In framing HIM as a culture of production, our goal is to understand the actors involved in the work arrangements that promote misinformation and to engage in a detailed study on challenging moral issues involving “complicity and collusion” in our media ecosystem (Silverstone Reference Silverstone2007). By subverting expectations of people about who exactly paid disinformers are, we critique the workings of the system at large and the different levels of responsibility at play. We hope this approach contributes to broader debates about the political value of representing perpetrators’ narratives, which in media scholar Fernando Canet’s (Reference Canet2019) view can deepen “understand[ing of] both the personal and situational dimensions that could lead a human being to commit such acts [and] help us to determine how to prevent future cases” (15).
Conclusion
In this chapter, we analyze the labor within the Human Infrastructure of Misinformation as heteromated labor through the case study of WhatsApp groups in Brazil and highlight ties with the Governing Knowledge Commons (GKC) framework. On WhatsApp, Brazilian President Jair Bolsonaro benefited from misinformation that was used to garner support and ensure that people felt that he was a popular candidate. While the key to messaging campaigns on social media is often to appeal to an algorithm that will in turn broadcast a message, on WhatsApp there is no algorithmic feed. As such, the pro-Bolsonaro campaign relied on the HIM – specifically, Influencers, the Bolso-Army, and Average Brazilians.

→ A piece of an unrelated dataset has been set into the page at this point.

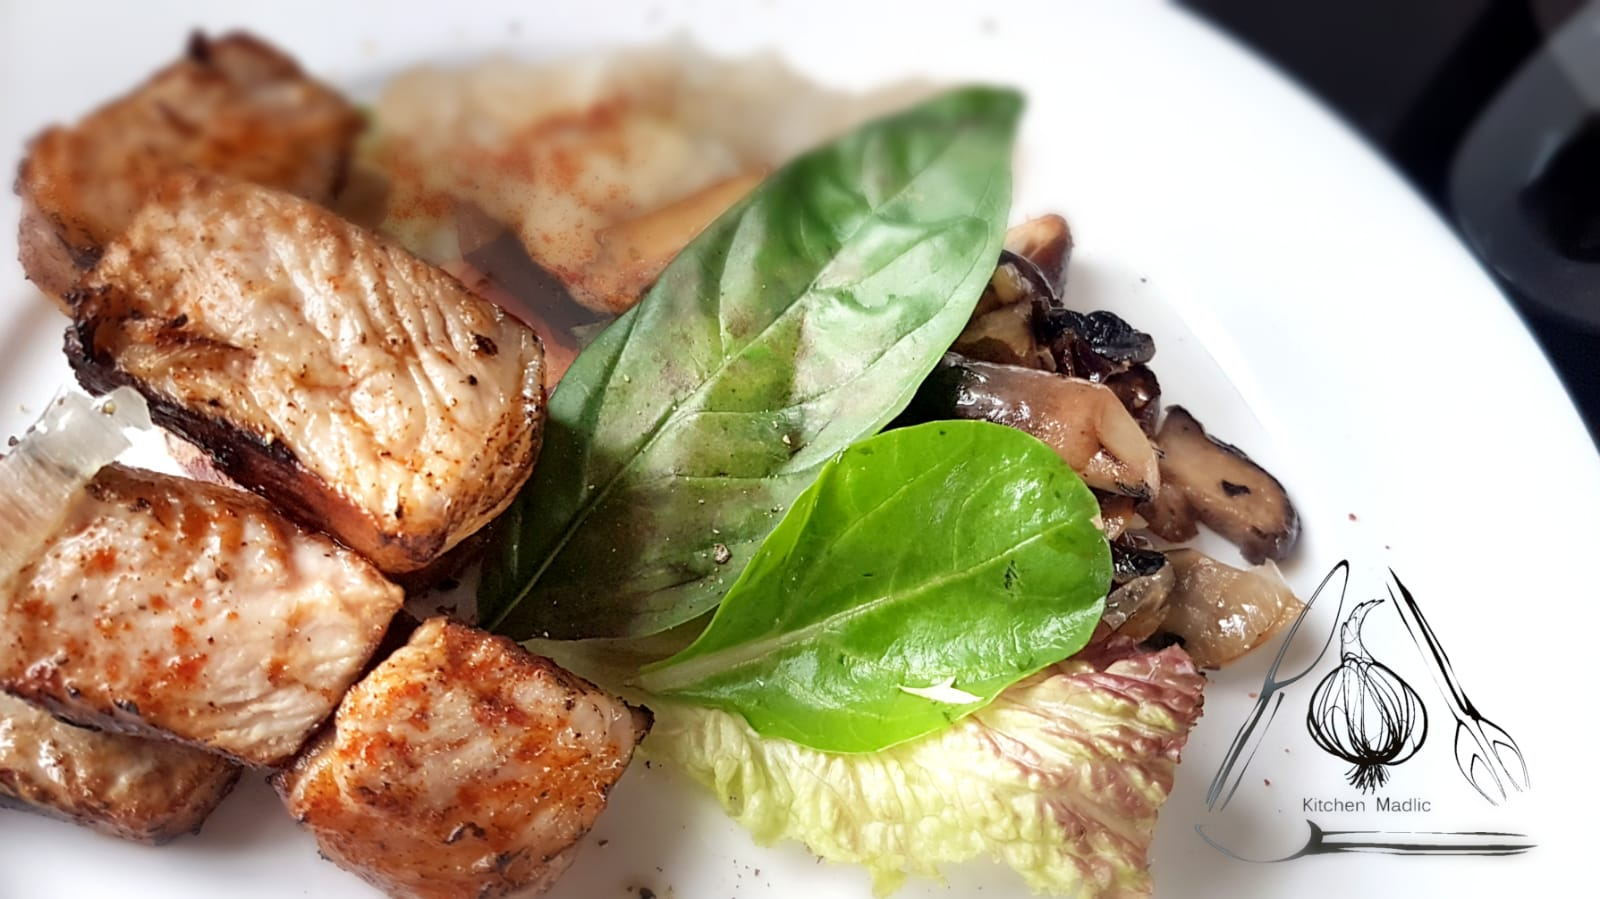 香茅羅勒黑毛豬配炒野菌薯蓉。(Kitchen Madlic提供)

The work the HIM performed represented heteromated labor: the influencers provided cognitive and creative labor through their content creation; the Bolso-Army provided communicative and organizing labor by acting as administrators of large group chats and performing repetitive microtasks like forwarding and promoting messages; and the Average Brazilians provided emotional and communicative labor by spreading misinformation and regulating their emotional responses while complying with norms established by the Influencers and the Bolso-Army.

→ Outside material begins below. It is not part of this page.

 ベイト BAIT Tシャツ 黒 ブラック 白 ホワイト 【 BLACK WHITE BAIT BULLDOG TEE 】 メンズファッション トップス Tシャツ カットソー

Building on the work of Ong and Cabañes, the chapter also looks at how HIMs emerge from “organizational structures, labor relations, and entrepreneurial subjectivities.” The complex misinformation ecosystem – with Influencers at the top of the pyramid, the Bolso-Army in the middle, and Average Brazilians at the bottom – was formed by an alliance of actors with varying motivations, whether they be for money, fame, ideology, or because they believed the information that they were sharing was true. Developing a further understanding of the HIM and the heteromated labor it employs at both the personal and organizational levels will allow future researchers and policymakers to better understand, and address, misinformation. We hope that future research will continue to address these important topics.